**Problem to solve:** The pictures get left out, but everything else in the listing below must be duplicated exactly.

**Supplied data:**
________________
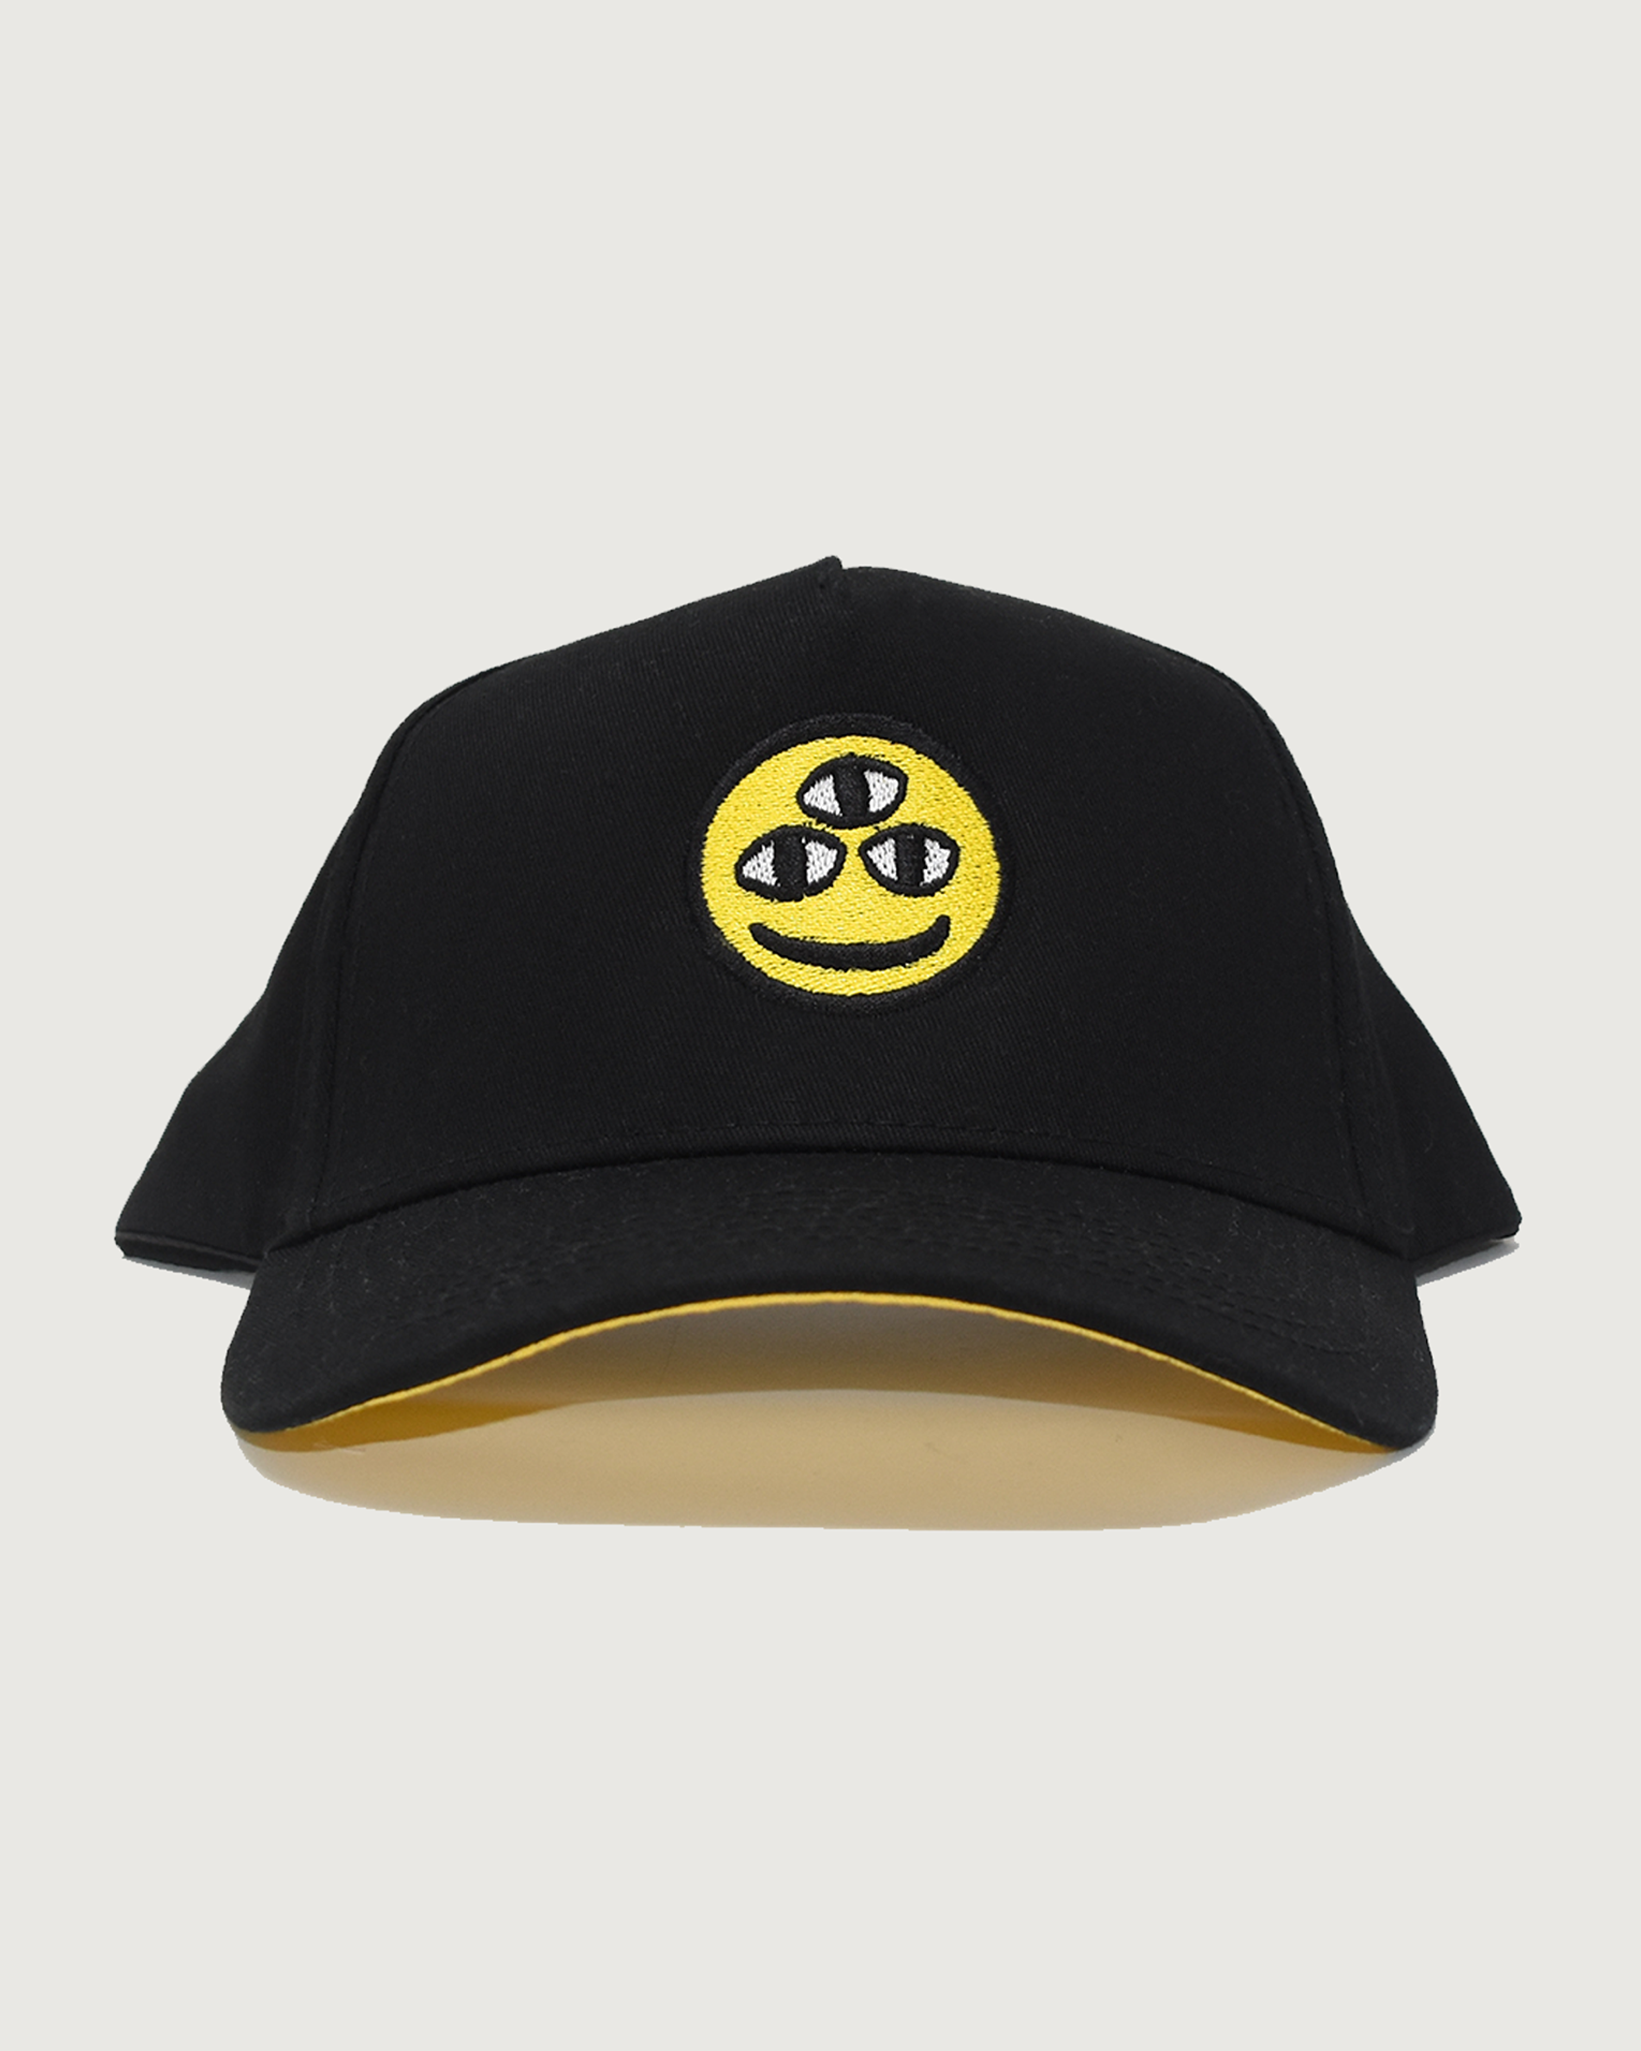 Dishin Hat (Smiley)
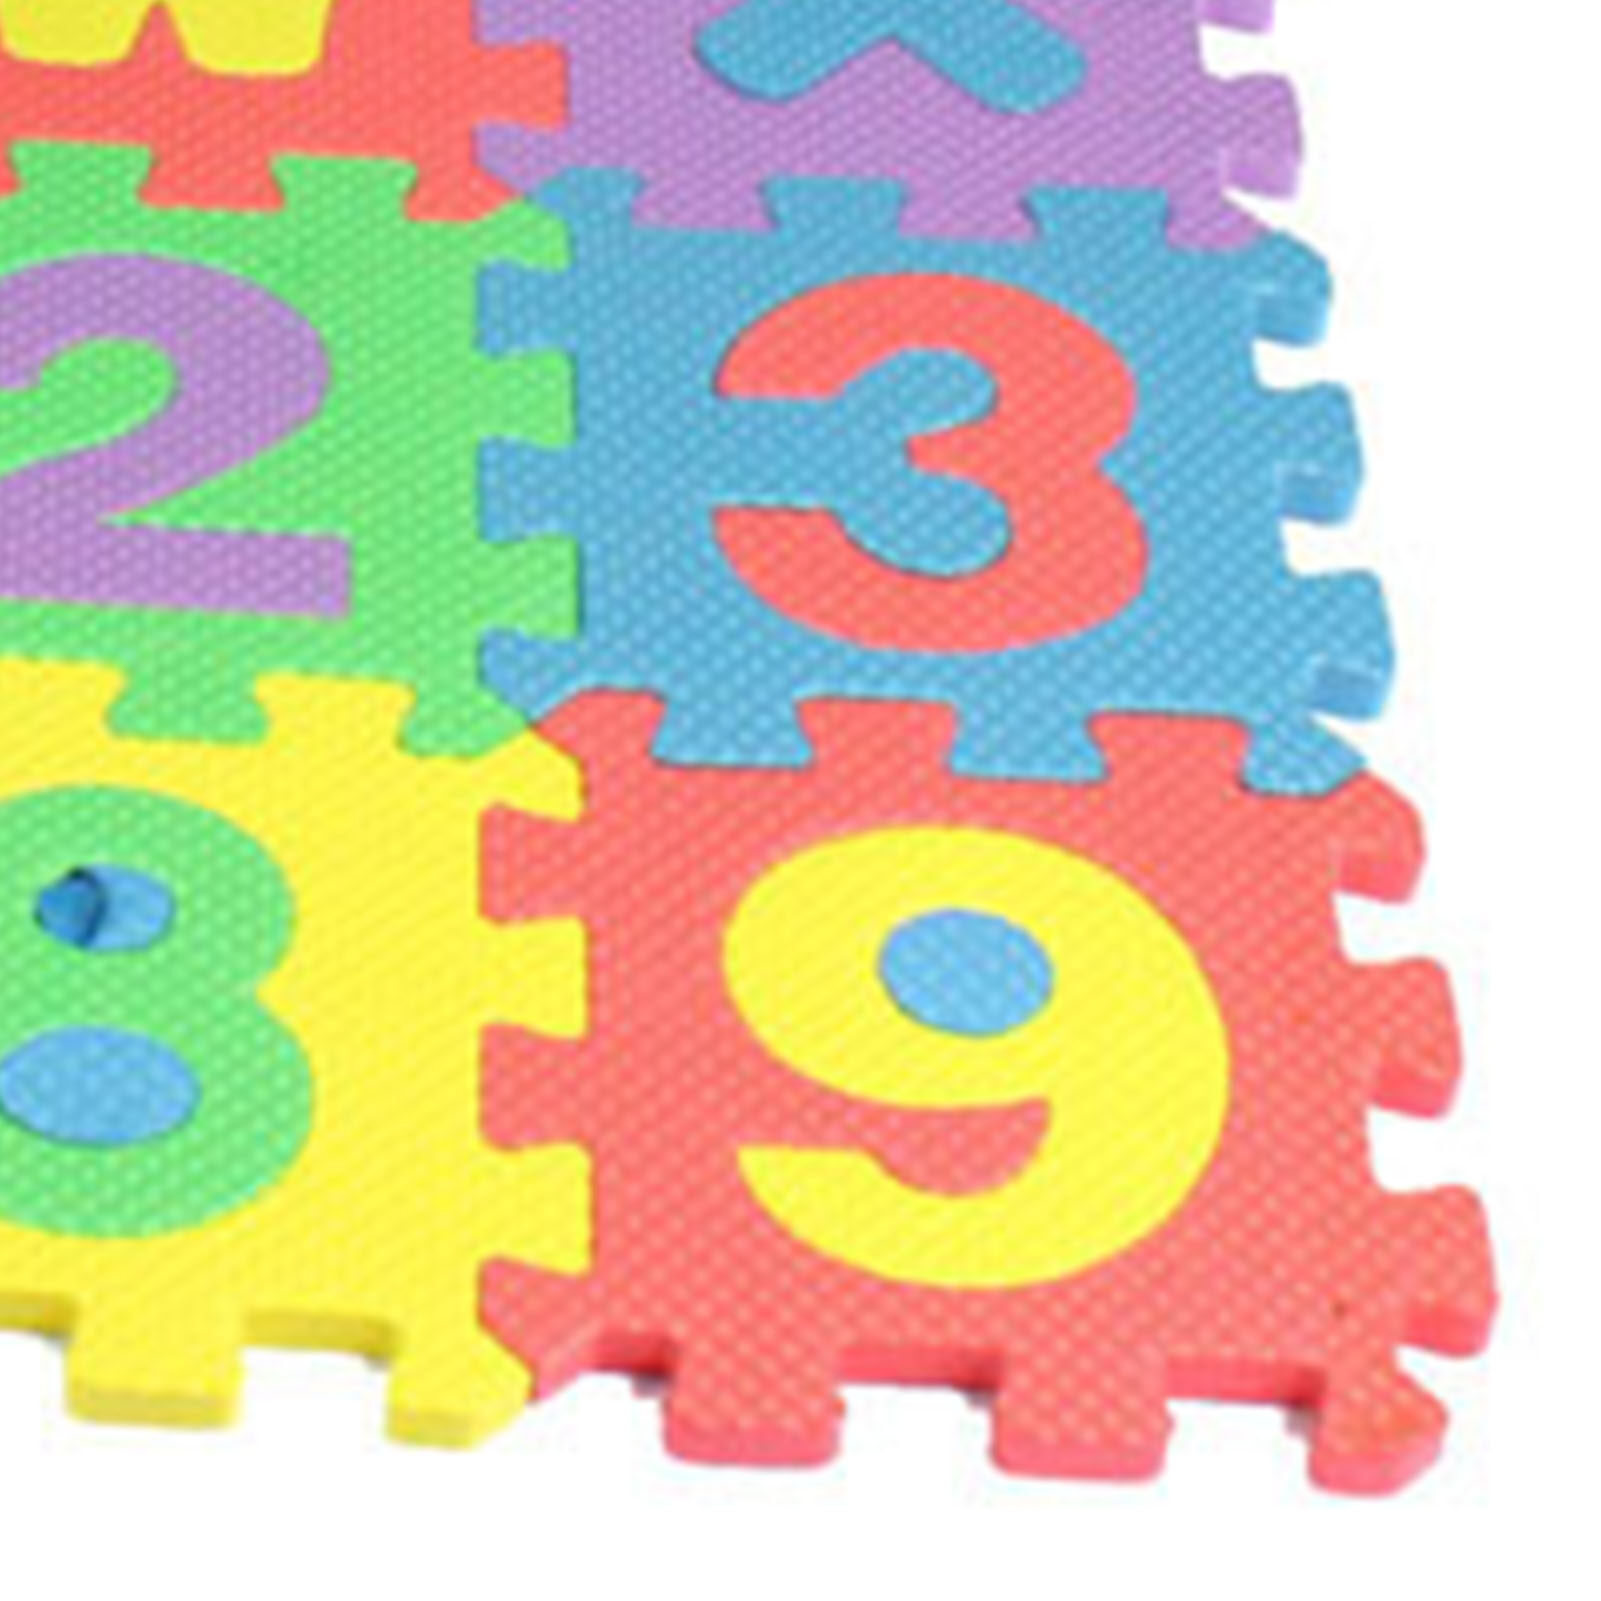 ABC Alphabet Foam Mat Educational Alphabet Foam Puzzle Play Mat Multicolor
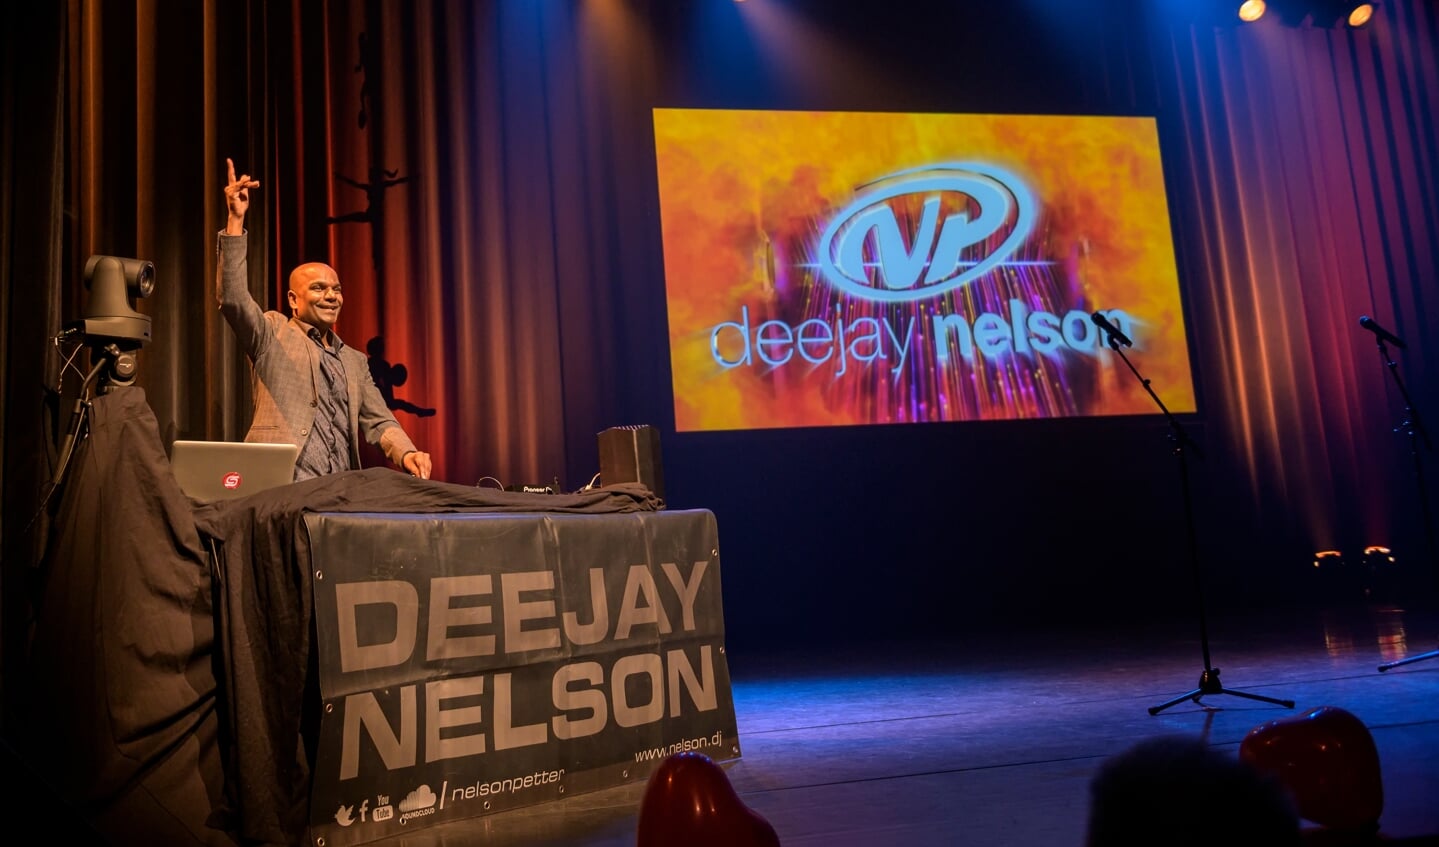 Deejay Nelson
________________
**Output for this task:**
 Dishin Hat (Smiley)
 ABC Alphabet Foam Mat Educational Alphabet Foam Puzzle Play Mat Multicolor
 Deejay Nelson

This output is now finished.